What this task involves
Exclude the pictures, and otherwise reproduce the data in full.

Recorded information

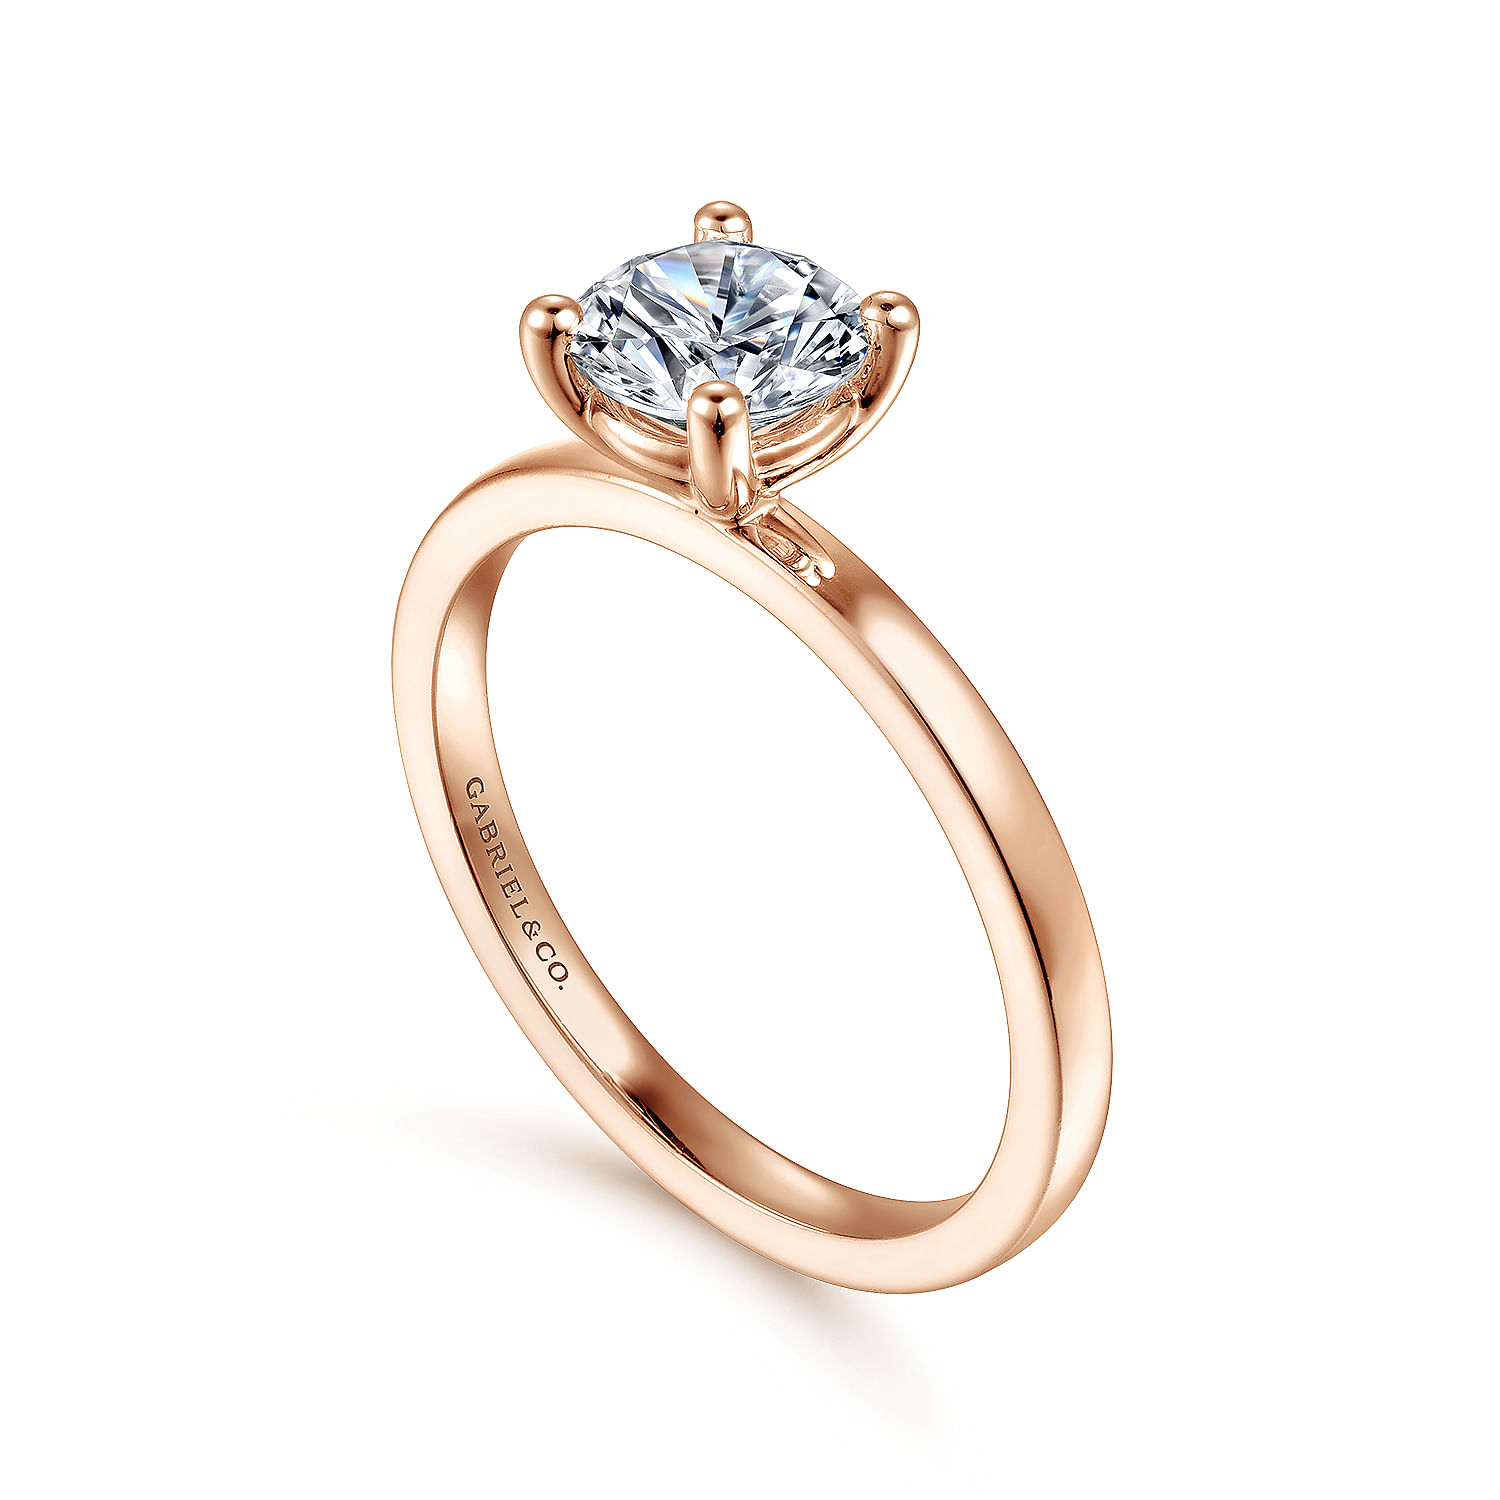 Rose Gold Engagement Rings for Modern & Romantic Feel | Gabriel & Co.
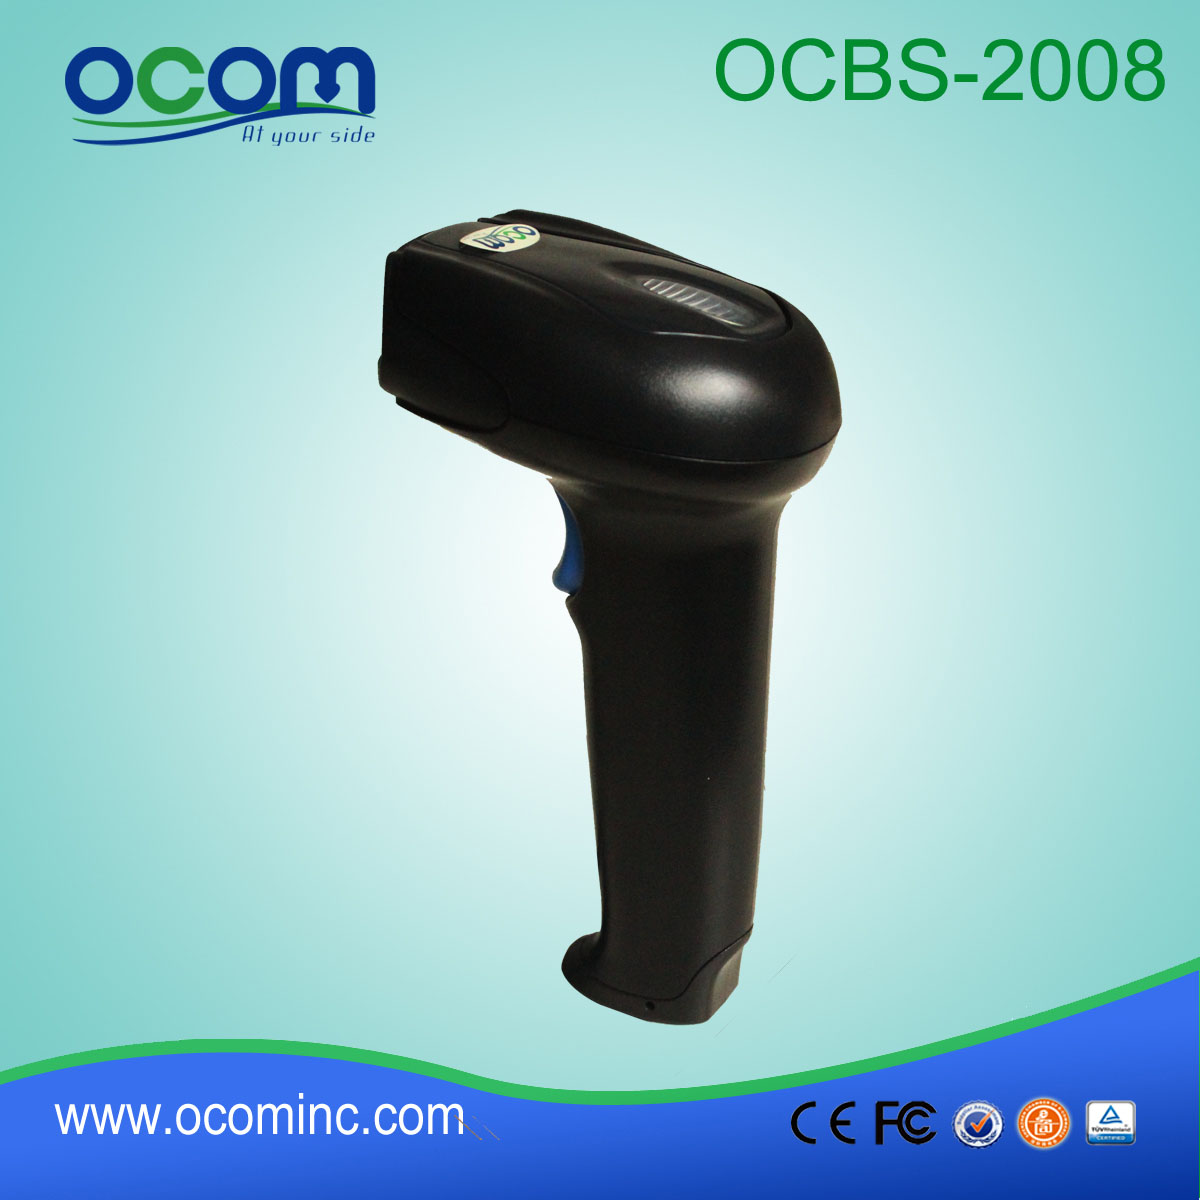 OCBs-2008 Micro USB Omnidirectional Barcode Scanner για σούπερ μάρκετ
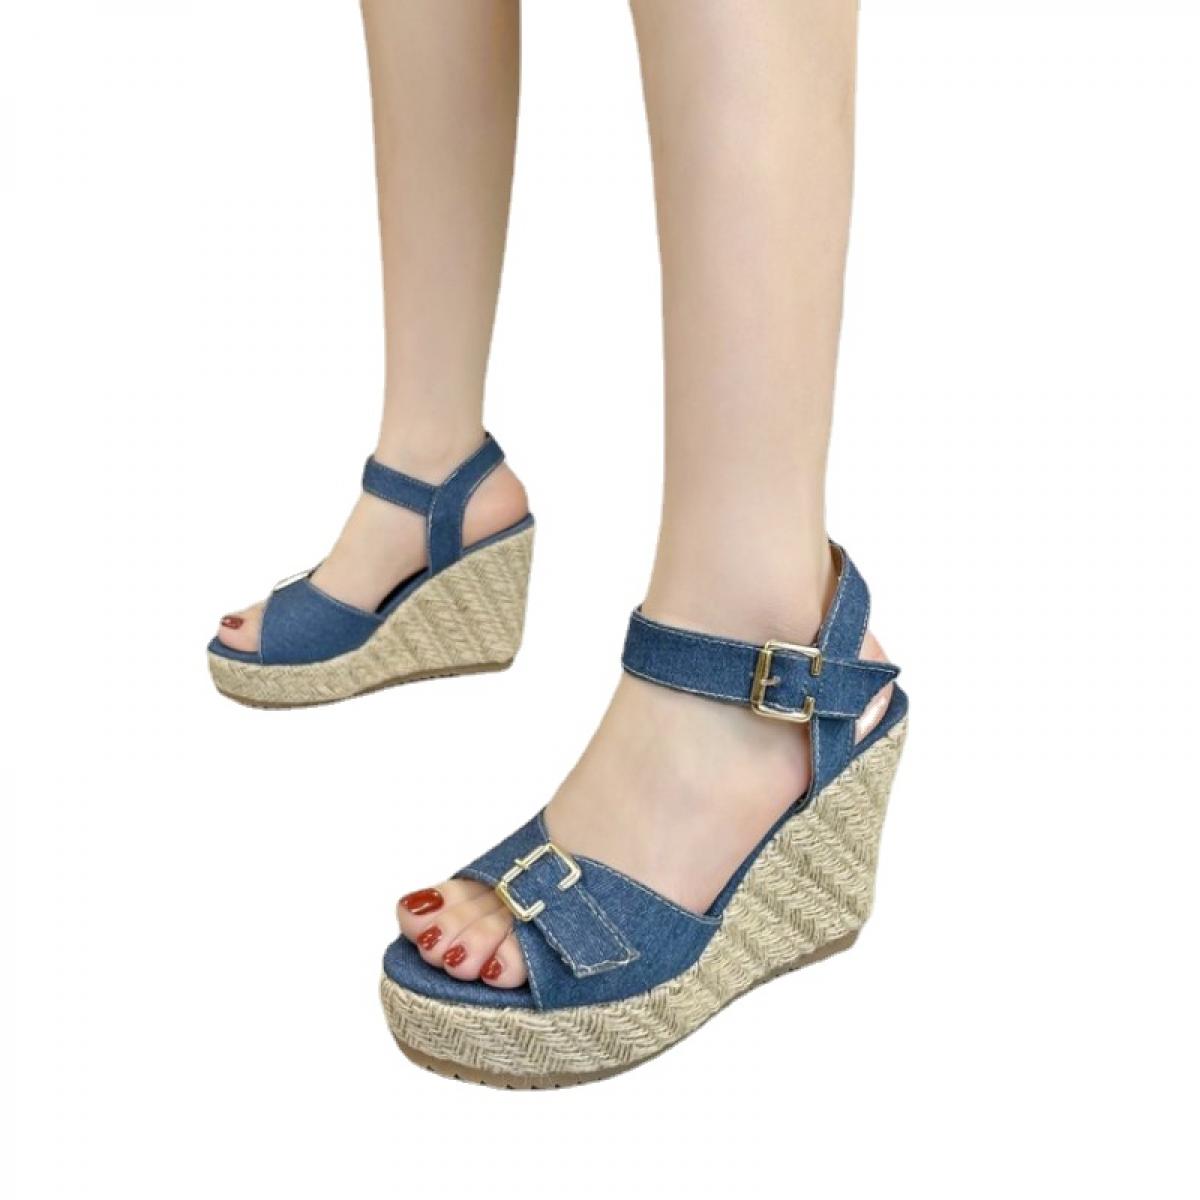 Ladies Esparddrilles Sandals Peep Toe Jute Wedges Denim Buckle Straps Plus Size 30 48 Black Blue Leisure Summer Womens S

Expected answer
 Rose Gold Engagement Rings for Modern & Romantic Feel | Gabriel & Co.
 OCBs-2008 Micro USB Omnidirectional Barcode Scanner για σούπερ μάρκετ
 Ladies Esparddrilles Sandals Peep Toe Jute Wedges Denim Buckle Straps Plus Size 30 48 Black Blue Leisure Summer Womens S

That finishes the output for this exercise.